The coffee was too strong. The hot chocolate was too sweet. But at Christmas we put up with all the crap, don't we!
Roast turkey for lunch at Stewarts Garden centre with Marion and Terry.
It was lovely ambling round the christmassy stuff. I was feeling quite festive.
Its beginning to look a lot like Christmas.......

29.11.14

Apart from Ruby my cockapoo being constipated to the point of bowel obstruction, and needing an enema and barium meal, its been a good day. Ruby has had her cannula removed!!! Im the one who has cannulas Ruby, not you. This blog is about me!!! Me me me!!!
I arrived at Chris's house after a fairly stressful journey. The traffic was amazingly good. The stress was me worrying about whether or not Ruby would chuck up on the way there.
She didn't, thank goodness, but Loki did on the back seat. Luckily, protection was in place! Or should i say Lokily!!!
I unpacked the car. So much stuff. My house must be empty cos I've brought most of it to Chris's!
I did however forget the 2 advent calendars! There'll be a lot of catching up when i do deliver them. Every cloud and all that.....
Chris's carer, Anna, plied me with tea as soon as i got in. She took Chris's dogs (all 5 of them) for a walk and took Dottie with her. Ruby is too needy to go with her. She'd rather stay with me! And Loki is too small to send out with 5 crazy, bounding, large dogs.
And Chris, Chloe and i went out to buy the Christmas tree.

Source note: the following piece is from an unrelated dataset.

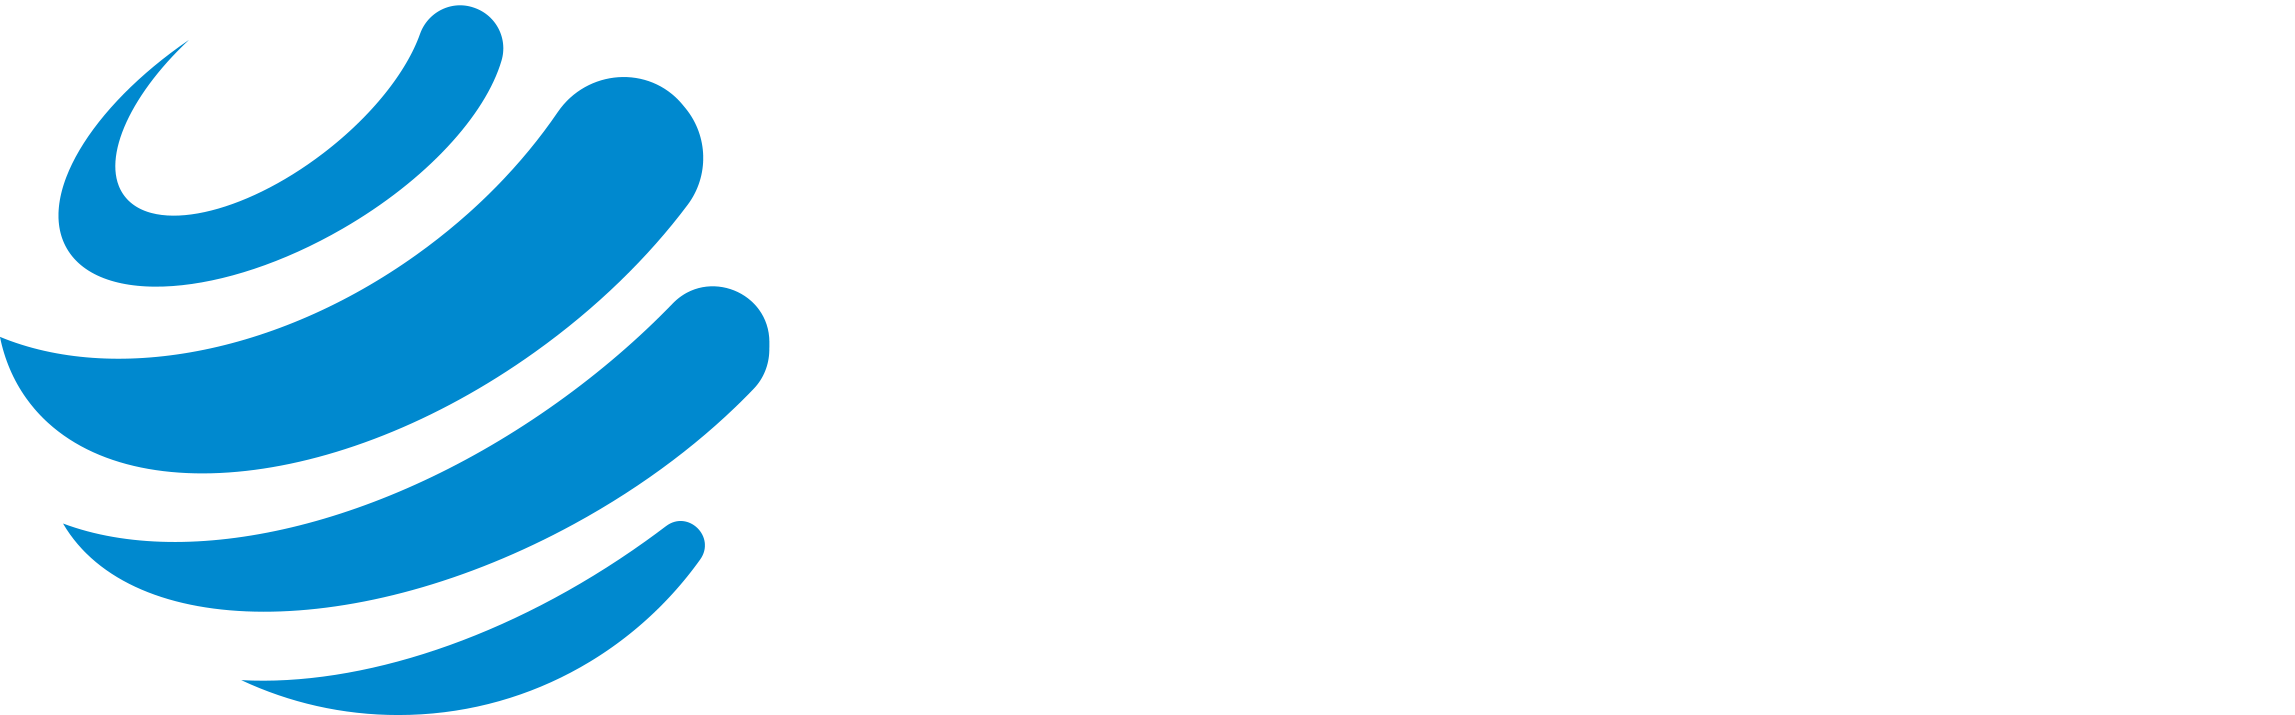 Dilc

And here it is, before and after. I'll let you work out which is which.
And to get in the festive mood, heres a picture of Snowball the reindeer.
He lives at the 'farm' where we got the tree, along with lots of other animals. It was lovely, although i was covered in mud.
Fun and frolics were had at Chris's. We had drinkies, roast lamb, we moved tortoises about (don't ask!). I met Liz and Martyn, which was lovely. 
A mad dash back home on monday ready for the Rock Choir concert. Oh what fun we had, as well as raising money for Citizens Advice Bureau. I sang a solo, All Over The World. 
This morning i had my first hair cut! Its only been trimmed in a few places. One side behind my ear was nearly 2 inches longer than the other side! Im amazed. I have a proper hair cut now, and only 5 months since my last chemo. This time next year, i'll be Rapunzel.
Today i have travelled the length and breadth of the country - well, to Southampton, the Apple Store. My phone has been very quiet, and i don't mean no ones ringing me! I can hardly hear anyone talking or anything at all actually. Turns out there was fluff in the earpiece mesh cover! Lucky they didn't charge me!
As a special treat to me, i bought a Mac Air. Yes I'm made of money! But i don't think i could cope if my MacBook died on me, and that looks imminent. 
It also means i have to visit Chris next weekend so he can set it up for me!